Tarell Alvin McCraney's Extraordinary Year: 'Choir Boy' Just The Start
It’s been extraordinary times for Tarell Alvin McCraney.
After “Moonlight” won the 2017 best picture Oscar and another for his semi-autobiographical screenplay (with director Barry Jenkins), McCraney became head of the playwriting program at the Yale School of Drama in New Haven, where he had been a student just 10 years earlier.
McCraney, who is also a MacArthur “genius” grant recipient and Windham-Campbell Prize winner, also wrote a screenplay for Steven Soderbergh, “High Flying Bird.” The dark comedy about basketball players during a lock-out was just purchased by Netflix.
Earlier this year he also flew to Paris to join Peter Brook — one of McCraney’s mentors — in the development of the legendary director’s latest project, “The Prisoner,” which eventually traveled to the Yale Repertory Theatre in November before moving onto New York.
In December, McCraney, 38, made his Broadway debut as a playwright with his play with music, “Choir Boy,” which was a hit when it played off-Broadway several years ago.
And this coming summer the series he created for Oprah Winfrey, “David Makes Man,” will be launched on her network, OWN. The series, like “Moonlight,” is a lyrical drama set in the Miami projects and is a coming-of-age story centering in a African-American 14-year-old prodigy. The series also features Phylicia Rashad.
What does he make of his first foray into television?
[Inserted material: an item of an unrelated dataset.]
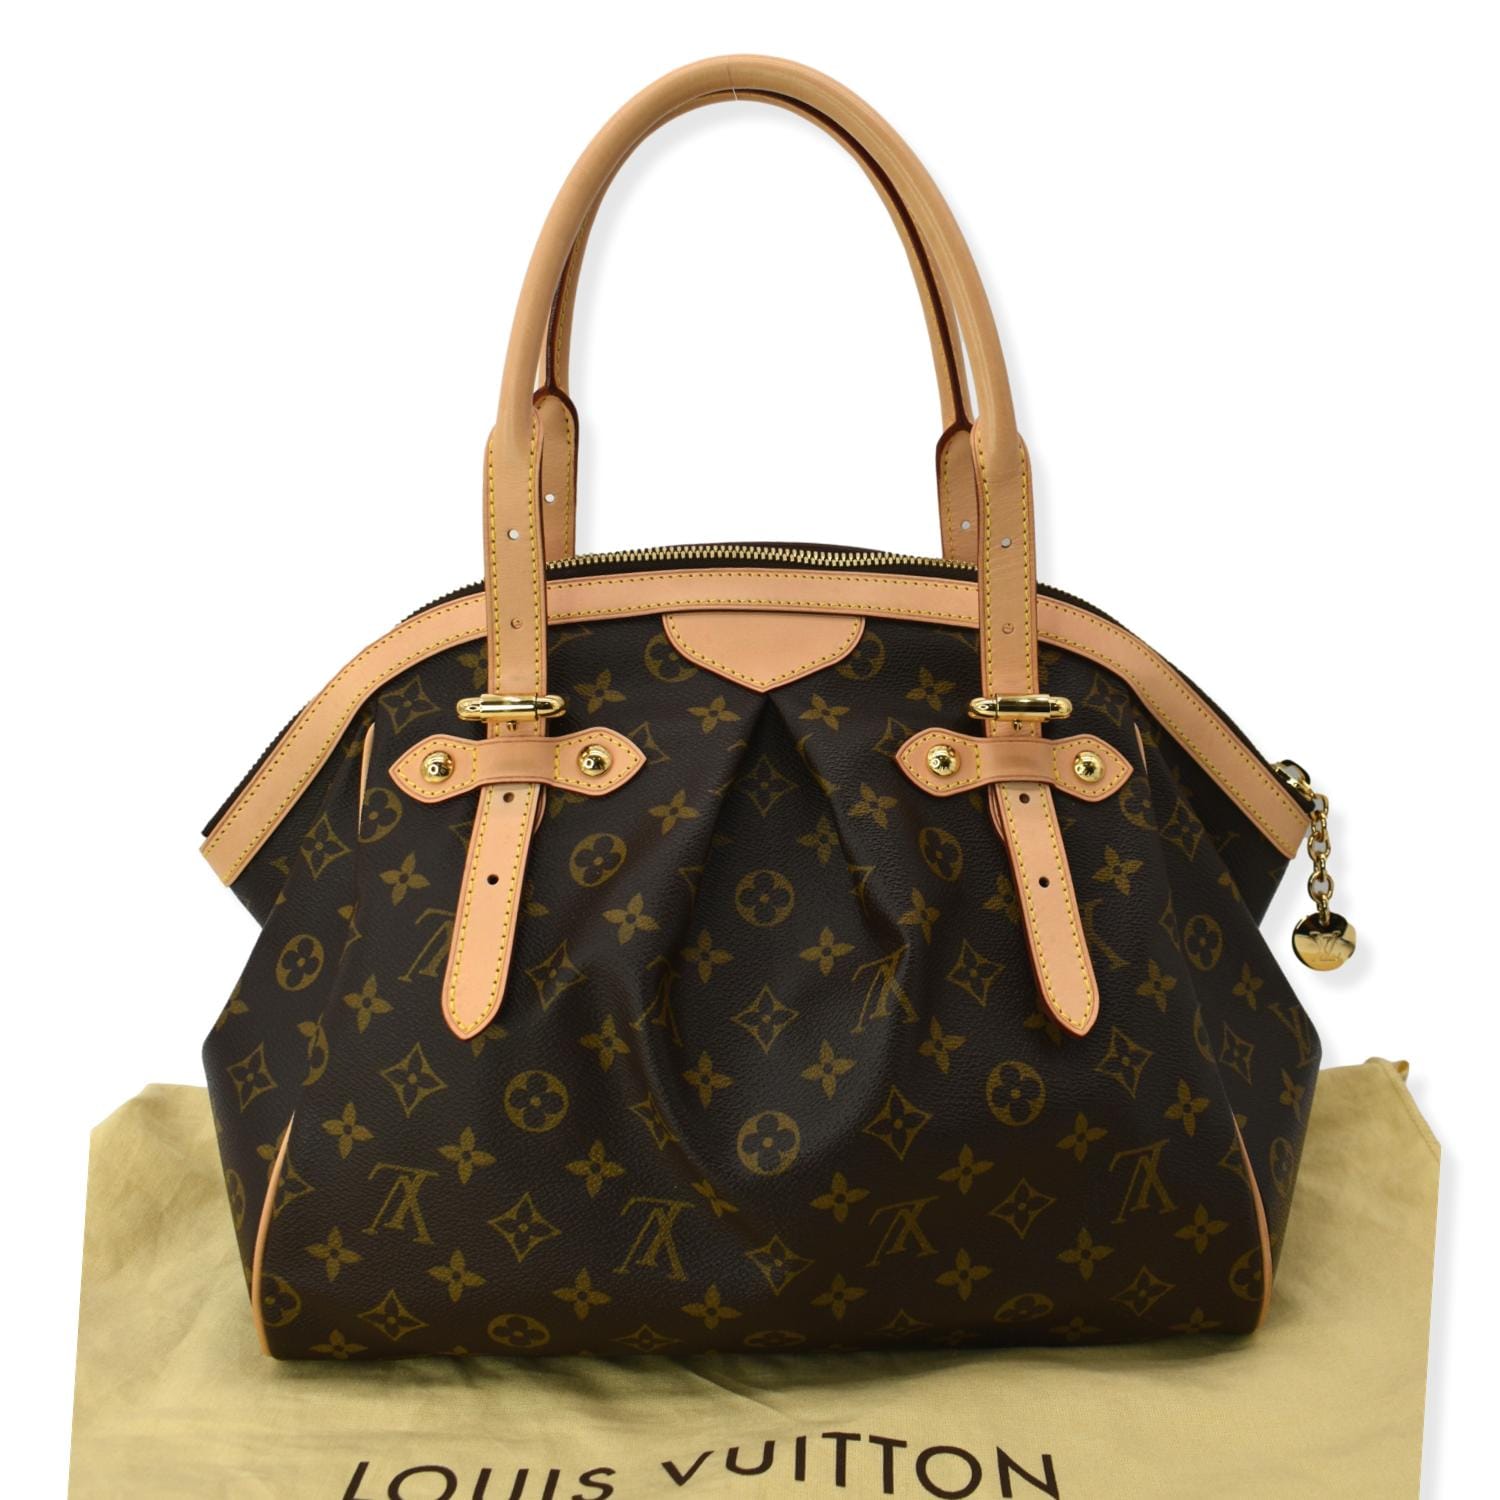 Louis Vuitton - Tivoli GM Shoulder bag - Catawiki

“I haven’t had much reflection time,” says McCraney in a phone conversation from Georgia where the final episodes of the series was being filmed. “I literally left ‘Choir Boy’ yesterday and came here today and fly back tomorrow to ‘Choir Boy’ tomorrow.” And this fall he was also overseeing his classes in New Haven, too, which he’ll continue next semester as well.